The cache directory can be configured in a .xmlresolver.properties
file or via
system properties. In these examples, we’ve got the cache in $HOME/.xmlresolver/cache
.
First, we can inspect the default settings:
$ java -jar xmlresolver-cachectrl.jar inspect
Cache directory: /usr/local/share/xmlresolver/cache
Cache exclude ^file:
Cache exclude ^jar:file:
Cache exclude ^classpath:
Cache include .*
Files: 0.00 bytes in 0 entries
Limits: 10.00mb, 1000 entries, delete wait 7d
The last pattern .*
is the default pattern. You can’t delete that one, but you can
add your own pattern matching .*
if you wish to provide different defaults.
Next, let’s update the cache so that it will store DocBook and JATS resources differently:
$ java -jar xmlresolver-cachectrl.jar create -pattern:"https://.*docbook\.org" -size 10k -space 100m
Cache directory: /usr/local/share/xmlresolver/cache
Cache exclude ^file:
Cache exclude ^jar:file:
Cache exclude ^classpath:
Cache include https://.*docbook\.org/
Files: 0.00 bytes in 0 entries
Limits: 100.00mb, 10240 entries, delete wait 7d
Cache include .*
Files: 0.00 bytes in 0 entries
Limits: 10.00mb, 1000 entries, delete wait 7d
This allows up to 10,240 resources occupying at most 100mb of space to be cached from URIs that match “https://.*docbook.org”. That will include both docbook.org and cdn.docbook.org.
For JATS, let’s try this:
$ java -jar xmlresolver-cachectrl.jar create -pattern:https://jats.nlm.nih.gov/ -size 2k -space 20m -age 30d -delete 1d
Cache directory: /usr/local/share/xmlresolver/cache
Cache exclude ^file:
Cache exclude ^jar:file:
Cache exclude ^classpath:
Cache include https://.*docbook\.org/
Files: 0.00 bytes in 0 entries
Limits: 100.00mb, 10240 entries, delete wait 7d
Cache include https://jats.nlm.nih.gov/
Files: 0.00 bytes in 0 entries
Limits: 20.00mb, 2048 entries, delete wait 1d, max age: 30d
Cache include .*
Files: 0.00 bytes in 0 entries
Limits: 10.00mb, 1000 entries, delete wait 7d
The JATS portion of the cache will only keep deleted resources for 1 day and will only keep any resource for 30 days.

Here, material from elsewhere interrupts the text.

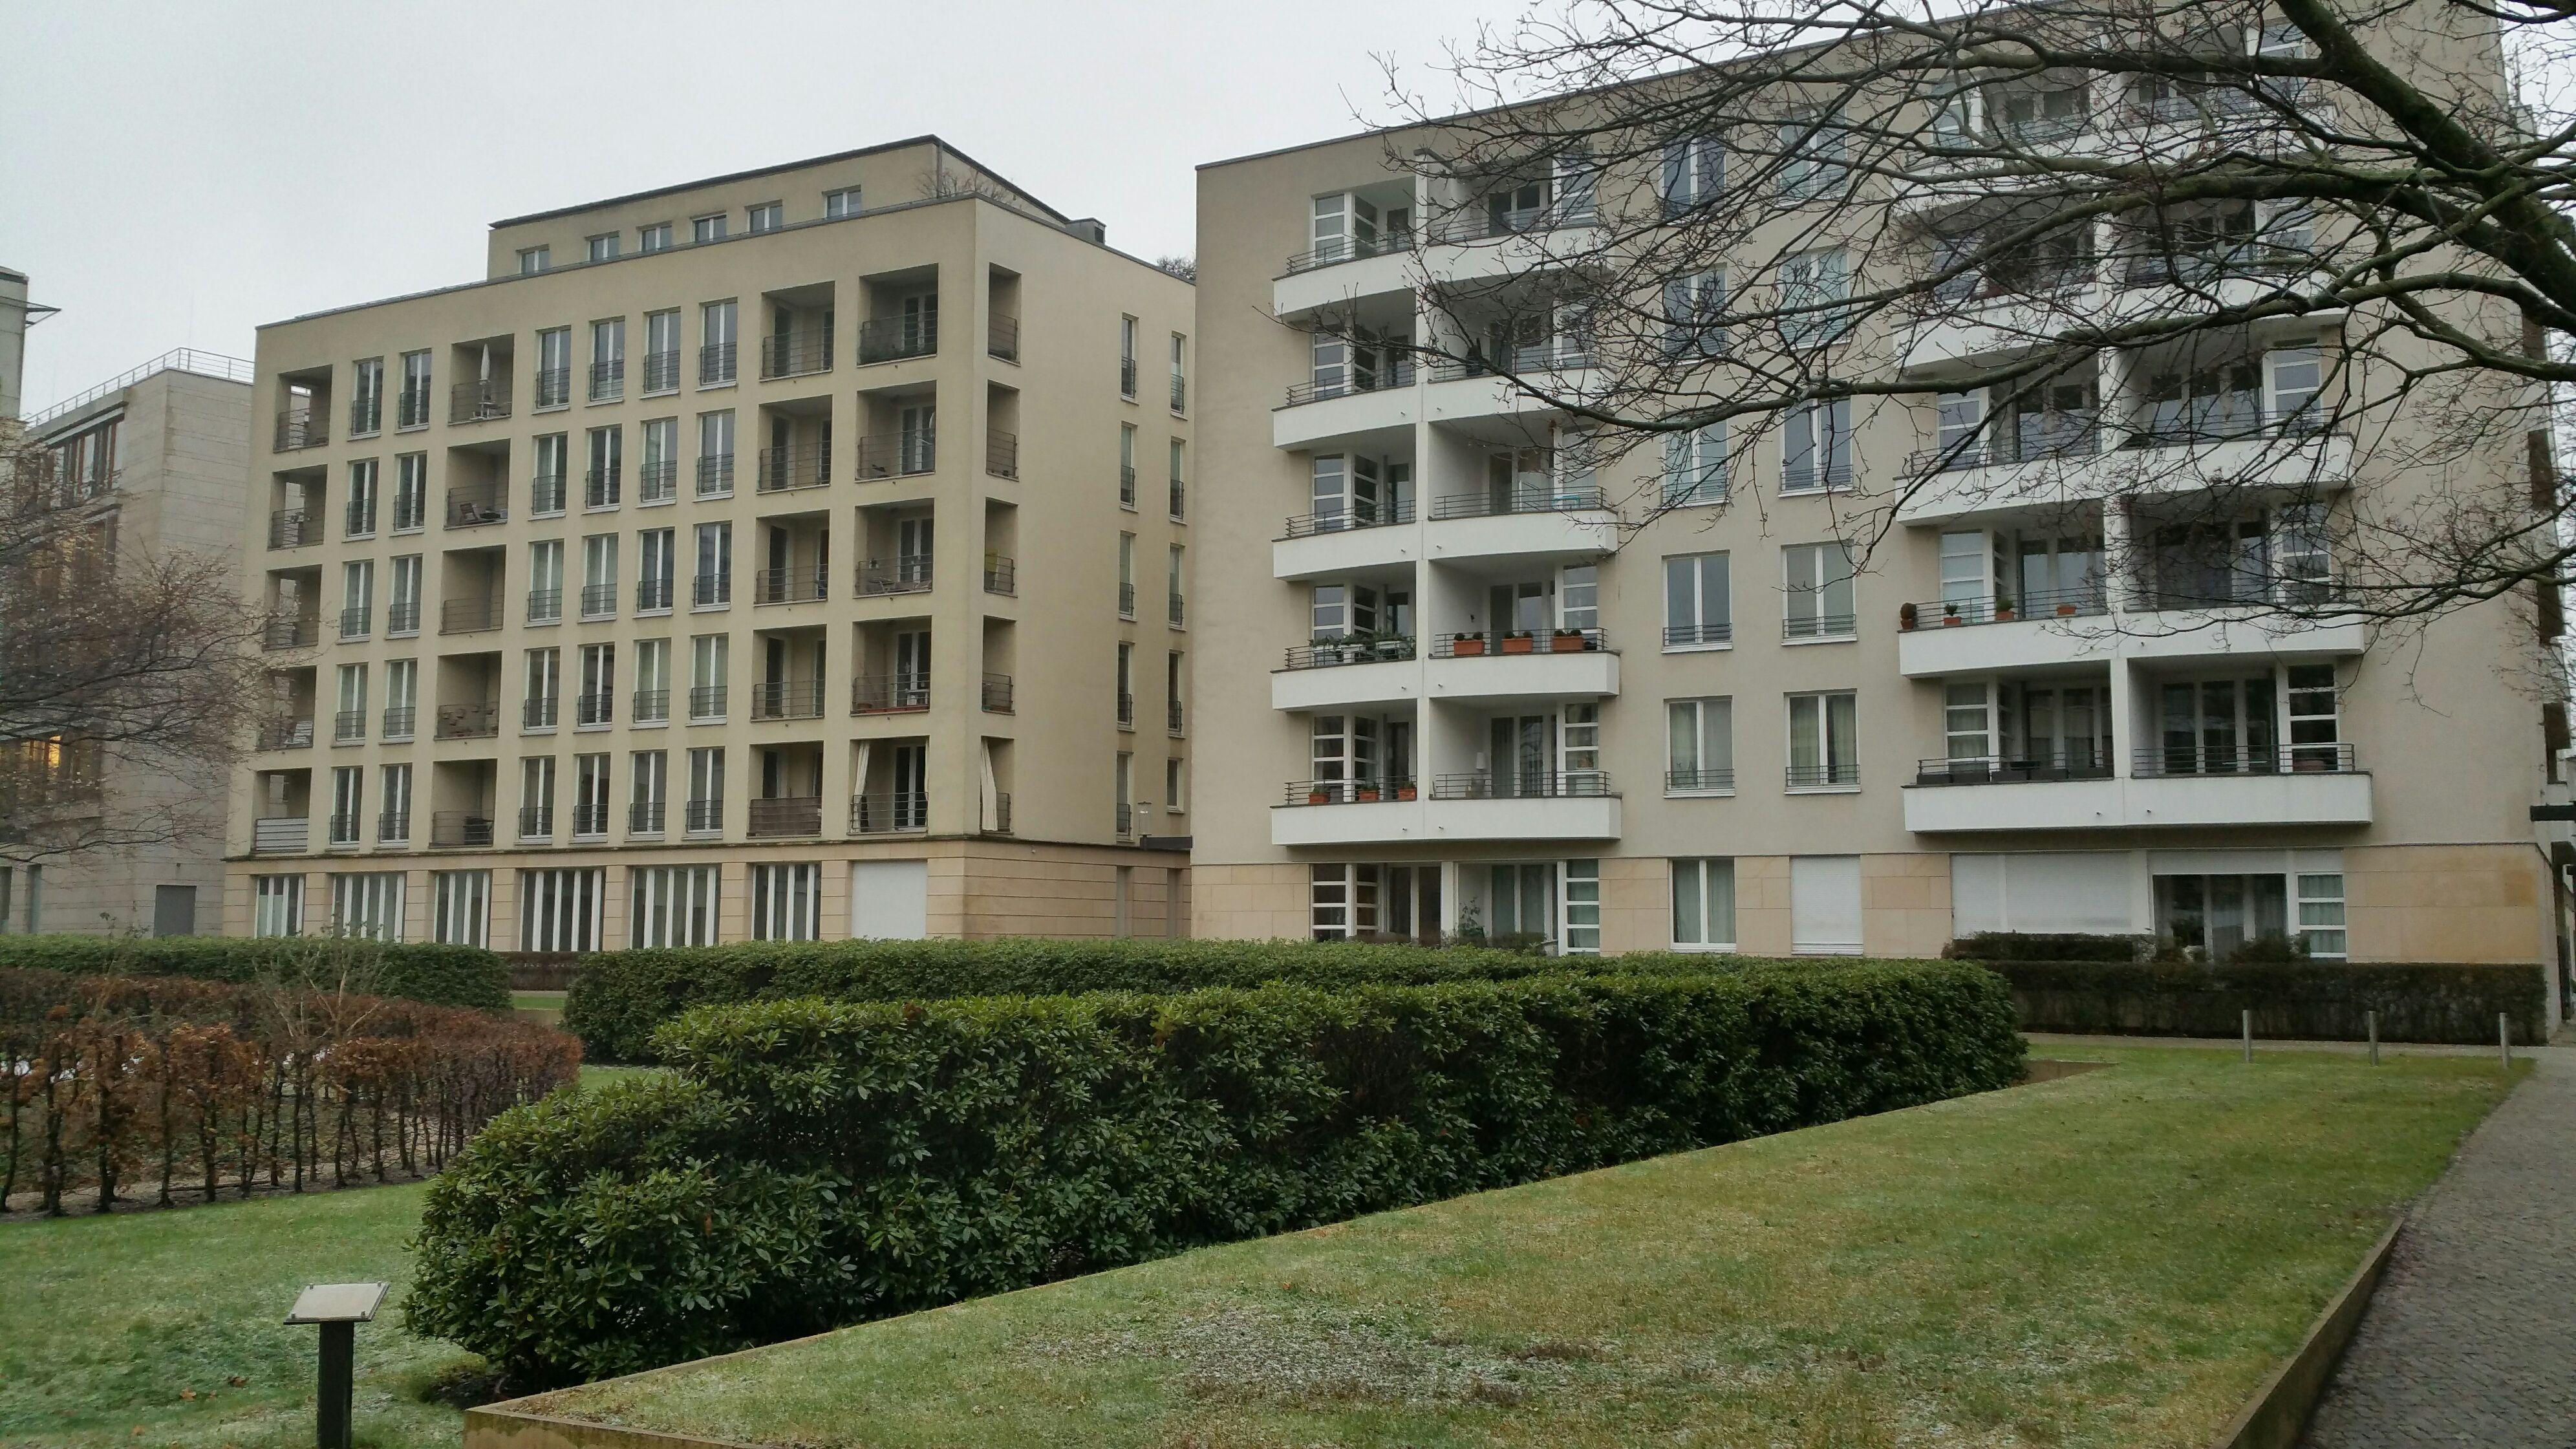 Stülerstraße
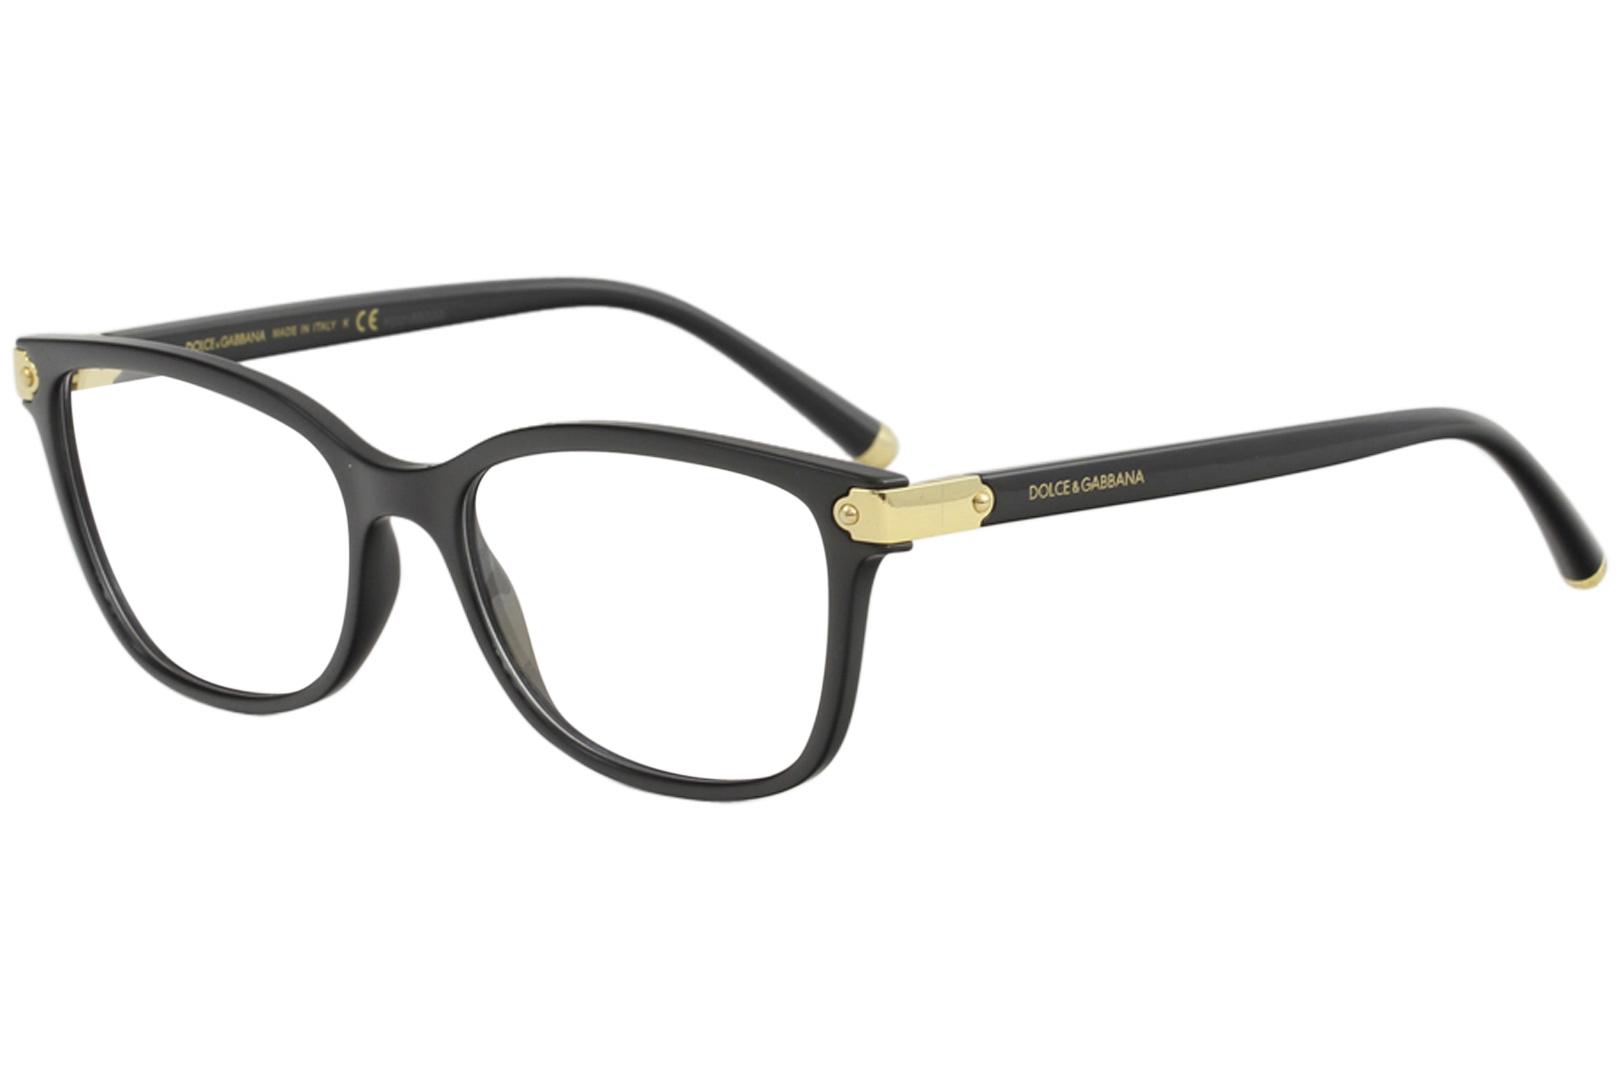 370db30fc4 Dolce   Gabbana Eyeglasses D G DG5036 DG 5036 501 Black Gold Optical ...

Let’s use this cache for a while and accumulate some documents in it. An easy way to do this is with the SampleApp.
After parsing and styling a few documents, we see:
$ java -jar xmlresolver-cachectrl.jar inspect
Cache directory: /usr/local/share/xmlresolver/cache
Cache exclude ^file:
Cache exclude ^jar:file:
Cache exclude ^classpath:
Cache include https://.*docbook\.org/
Files: 0.00 bytes in 0 entries
Limits: 100.00mb, 10240 entries, delete wait 7d
Cache include https://jats.nlm.nih.gov/
Files: 0.00 bytes in 0 entries
Limits: 20.00mb, 2048 entries, delete wait 1d, max age: 30d
Cache include .*
Files: 3.19mb in 126 entries
Limits: 10.00mb, 1000 entries, delete wait 7d
It’s worth noting that these statistics are imperfect. The cache doesn’t really keep track of which pattern matched, so these statistics are created by testing the cached documents against the patterns.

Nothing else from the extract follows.